Authors :: Howard H. Stevenson, Michael J. Roberts
Swot Analysis of "Martin Blair" written by Howard H. Stevenson, Michael J. Roberts includes – strengths weakness that are internal strategic factors of the organization, and opportunities and threats that Blair Franchising facing as an external strategic factors. Some of the topics covered in Martin Blair case study are - Strategic Management Strategies, Competition, Financial management, Growth strategy, Marketing and Innovation & Entrepreneurship.

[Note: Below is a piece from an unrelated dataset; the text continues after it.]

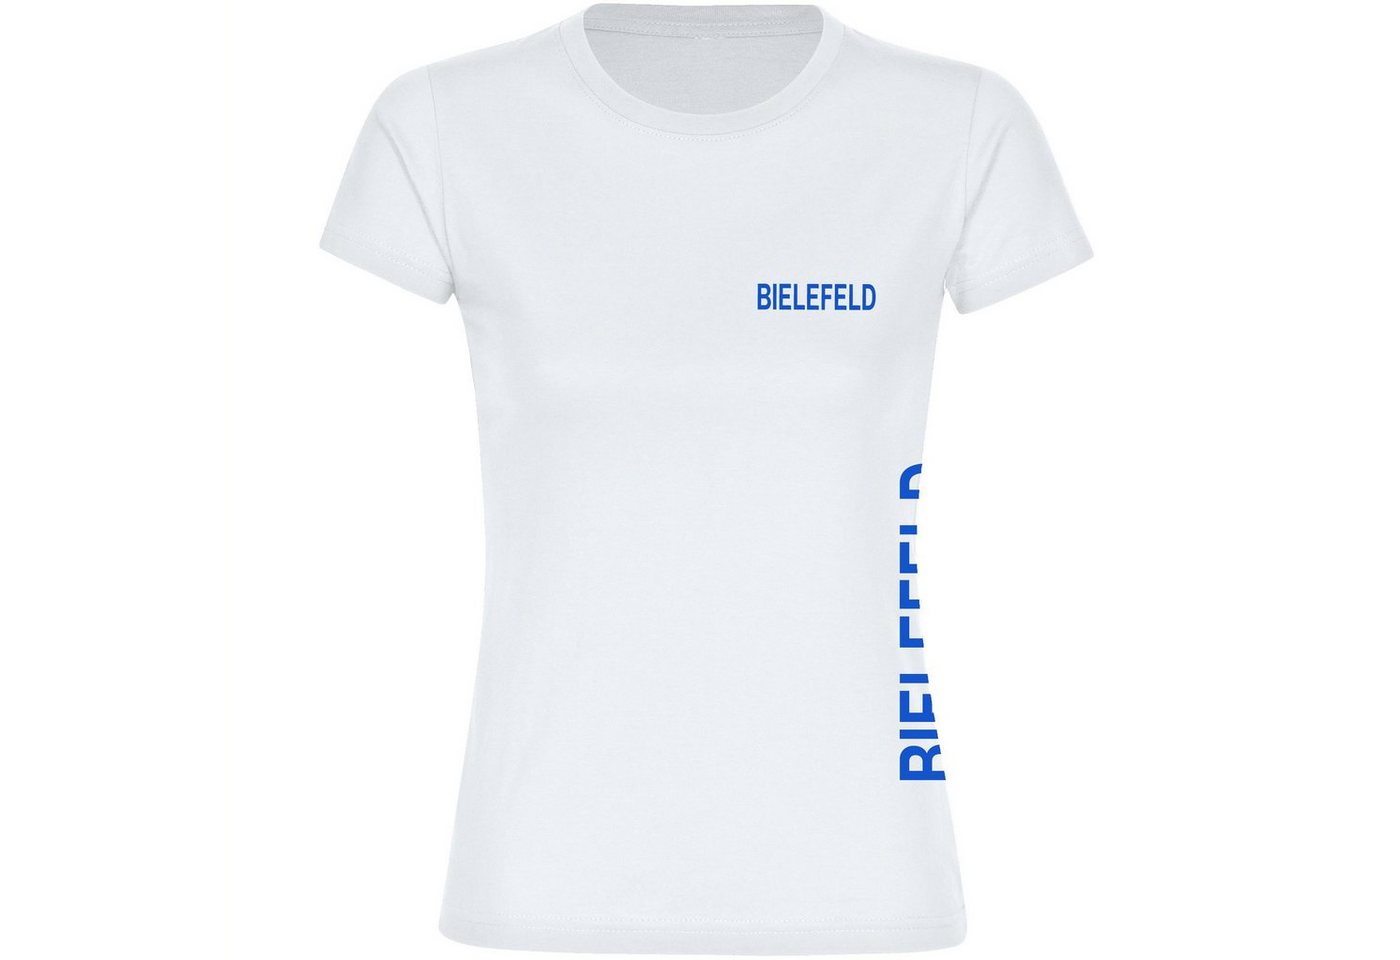 multifanshop T-Shirt Damen Bielefeld - Brust & Seite - Frauen von multifanshop
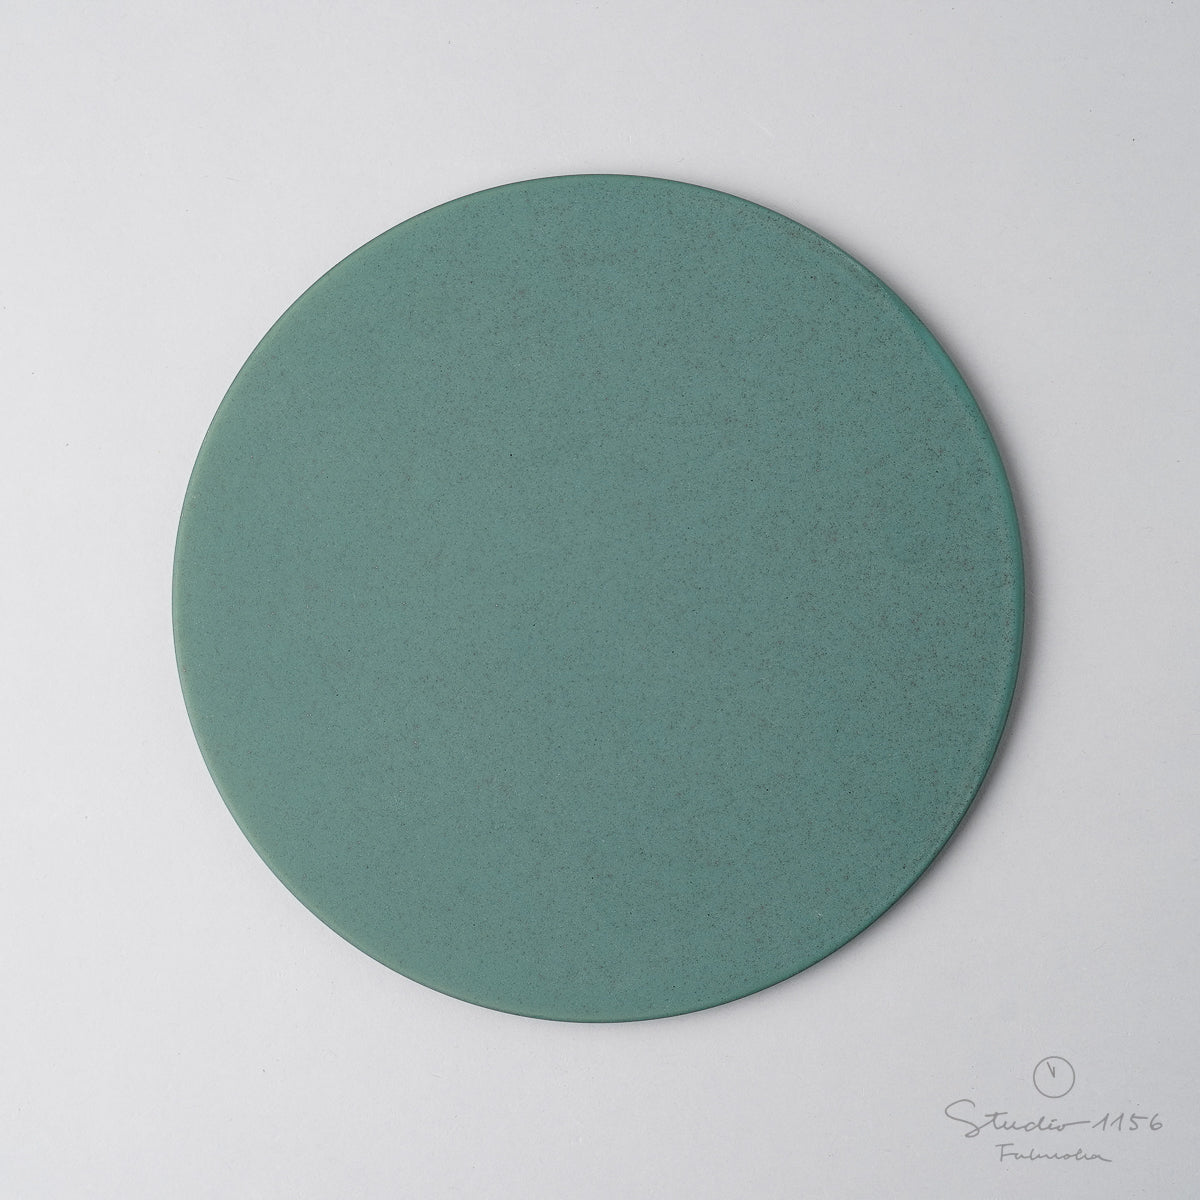 伊万里焼 極フラットプレート(M) 19.5cm 緑斑紋 Hataman Studio1156

Some of the macro environment factors that can be used to understand the Martin Blair casestudy better are - – competitive advantages are harder to sustain because of technology dispersion, customer relationship management is fast transforming because of increasing concerns over data privacy, wage bills are increasing, increasing inequality as vast percentage of new income is going to the top 1%, increasing commodity prices, geopolitical disruptions, technology disruption,
there is increasing trade war between United States & China, central banks are concerned over increasing inflation, etc
SWOT stands for an organization’s Strengths, Weaknesses, Opportunities and Threats . At Oak Spring University , we believe that protagonist in Martin Blair case study can use SWOT analysis as a strategic management tool to assess the current internal strengths and weaknesses of the Blair Franchising, and to figure out the opportunities and threats in the macro environment – technological, environmental, political, economic, social, demographic, etc in which Blair Franchising operates in.
According to Harvard Business Review, 75% of the managers use SWOT analysis for various purposes such as – evaluating current scenario, strategic planning, new venture feasibility, personal growth goals, new market entry, Go To market strategies, portfolio management and strategic trade-off assessment, organizational restructuring, etc.
SWOT Objectives / Importance of SWOT Analysis and SWOT Matrix
SWOT analysis of Martin Blair can be done for the following purposes –
1. Strategic planning using facts provided in Martin Blair case study
2. Improving business portfolio management of Blair Franchising
3. Assessing feasibility of the new initiative in Innovation & Entrepreneurship field.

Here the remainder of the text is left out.